Don't expect the newspapers to do it all. Look out for the show window and the cases and counters. When you advertise something of special interest in the papers, fill the window with it and have it prominently displayed in the store. Have some neat tickets painted and hung up above or near the goods.

Be sure all the clerks know what is going on, If I were running a store,I would make it the first rule that every clerk should read every advertisement every day. I would have them understand just what I was trying to do with each advertisement —just what the goods were and where they came from and how they happened to be so cheap, or so good, or both.

The newspaper is sometimes blamed for the ill sucess of an advertisement, when the real fault is right in the store.

Don't ever expect spasmodic advertising to pay. Don't ever let an issue of a paper you are using appear without your advertisement.

The day you leave the ad out will probably be the very day on which somebody will look for it, and, not finding it, go to a competitor. The last of a series is the one that sells the goods. A man may see your ad thirty days in July and not buy till the thirty-first ad wields conviction into his mind.

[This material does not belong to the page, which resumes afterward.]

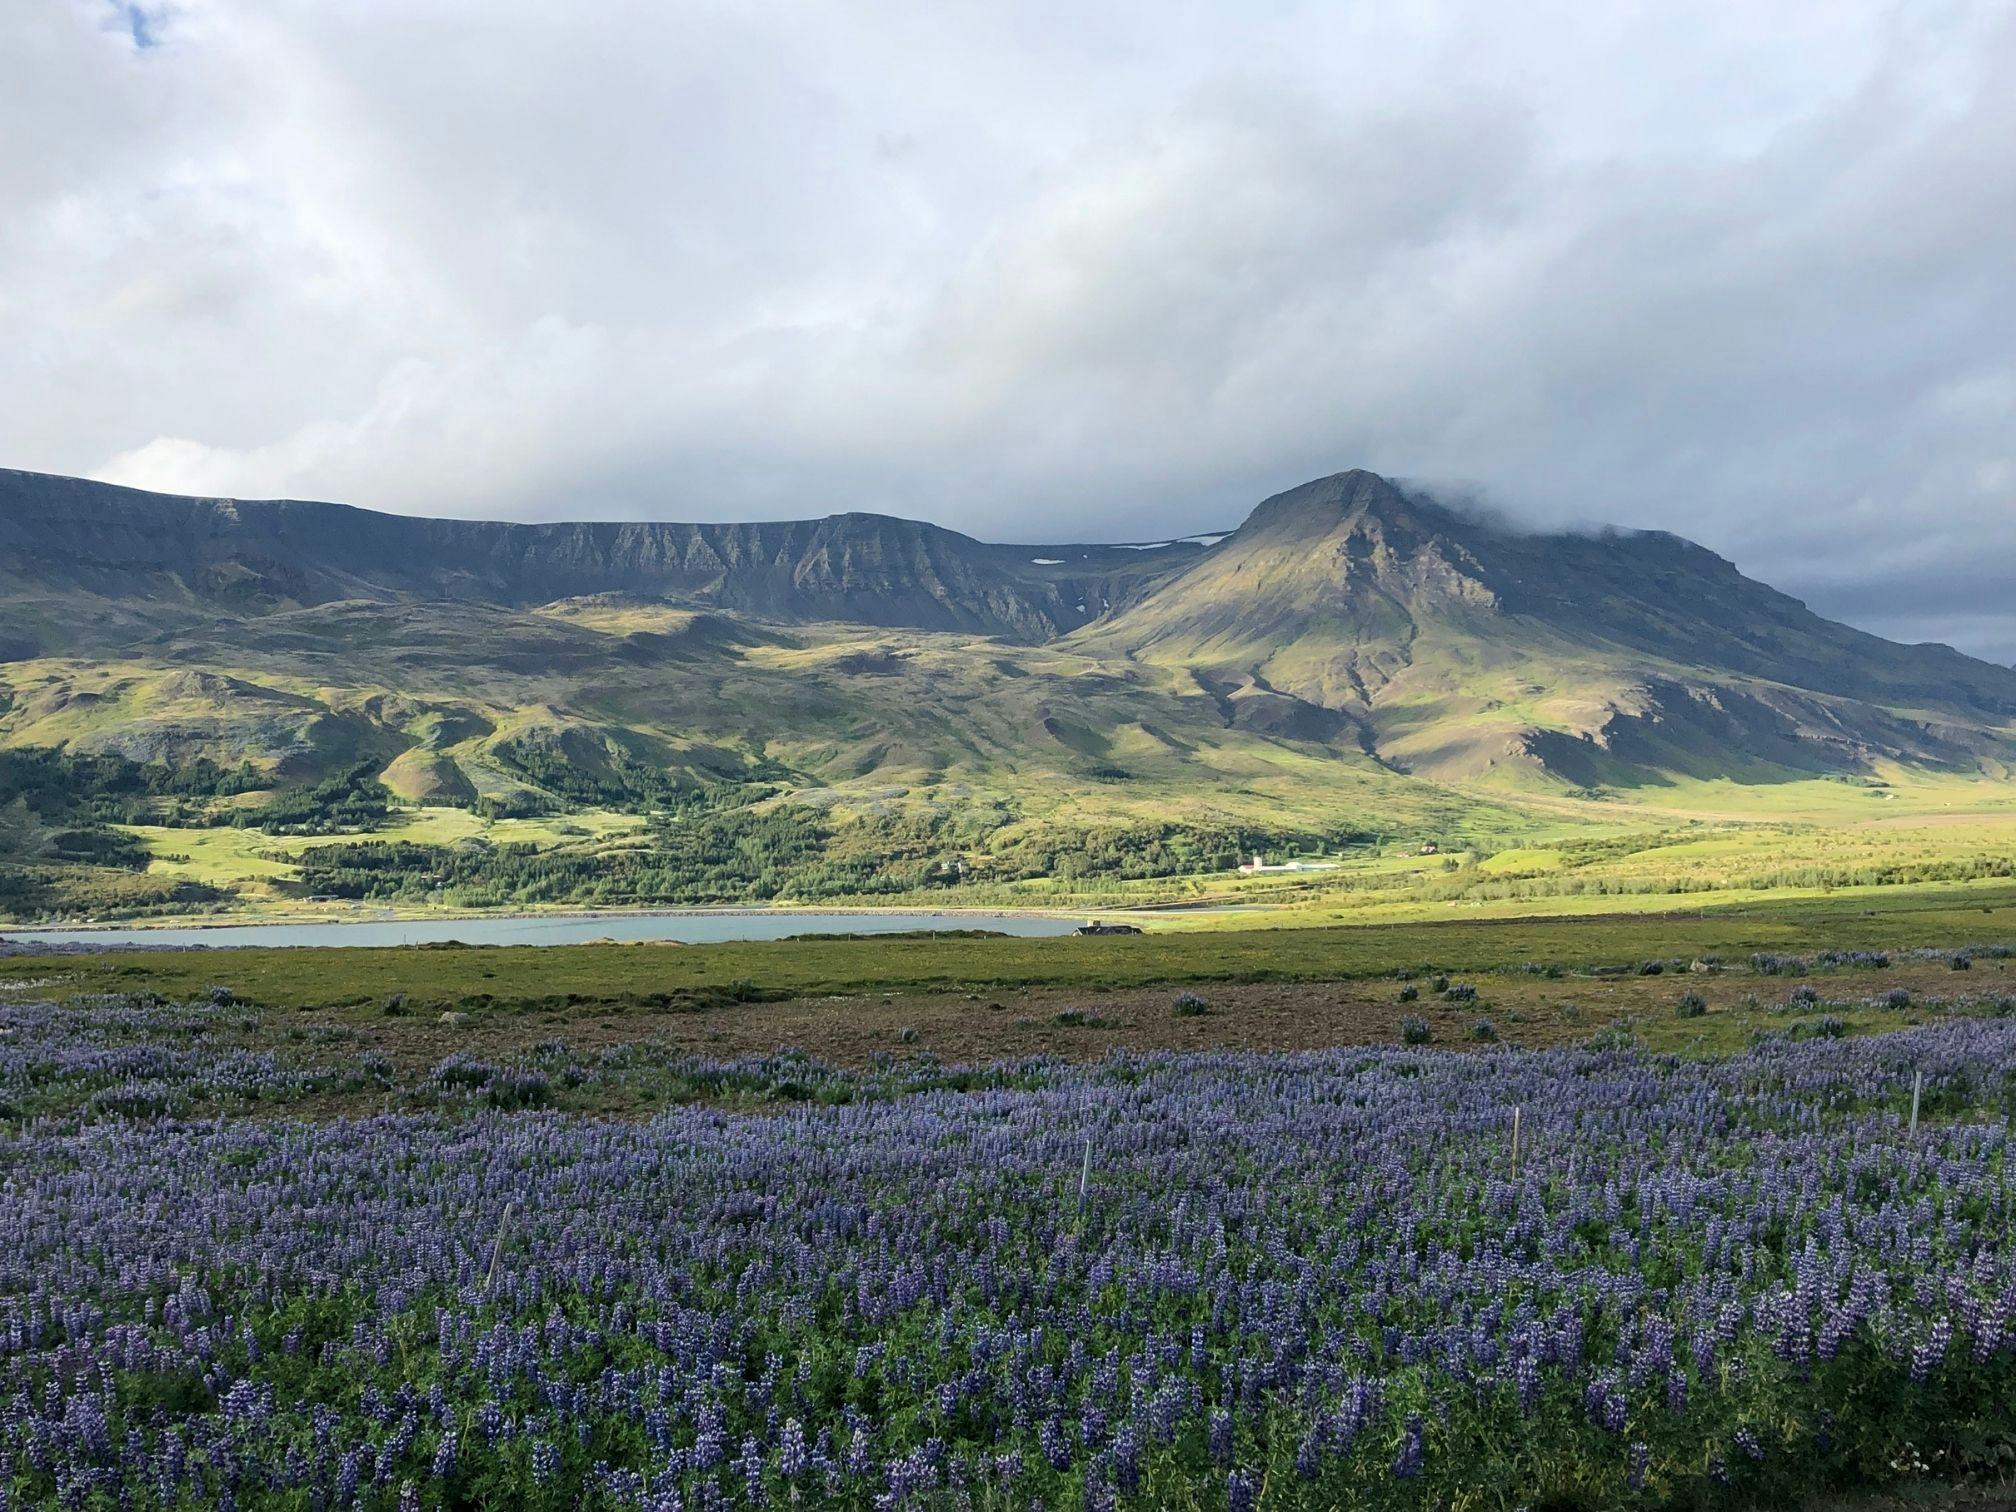 A scenic landscape showing a field of purple flowers, a lake and a majestic mountain under a cloudy sky

It's the last stroke that makes a horseshoe—all the others were merely preparatory. The shoe was not a shoe till the last blow fell. If that had not been given it would only be a semblance of a shoe—merely a bent piece of iron.

A sale is secured by the last word that is spoken—by the last ad that is read. If it remained unspoken, or unread, the sale would often fail entirely.

Advertising is the insurance of business, but you most keep up the premiums or the policy will lapse.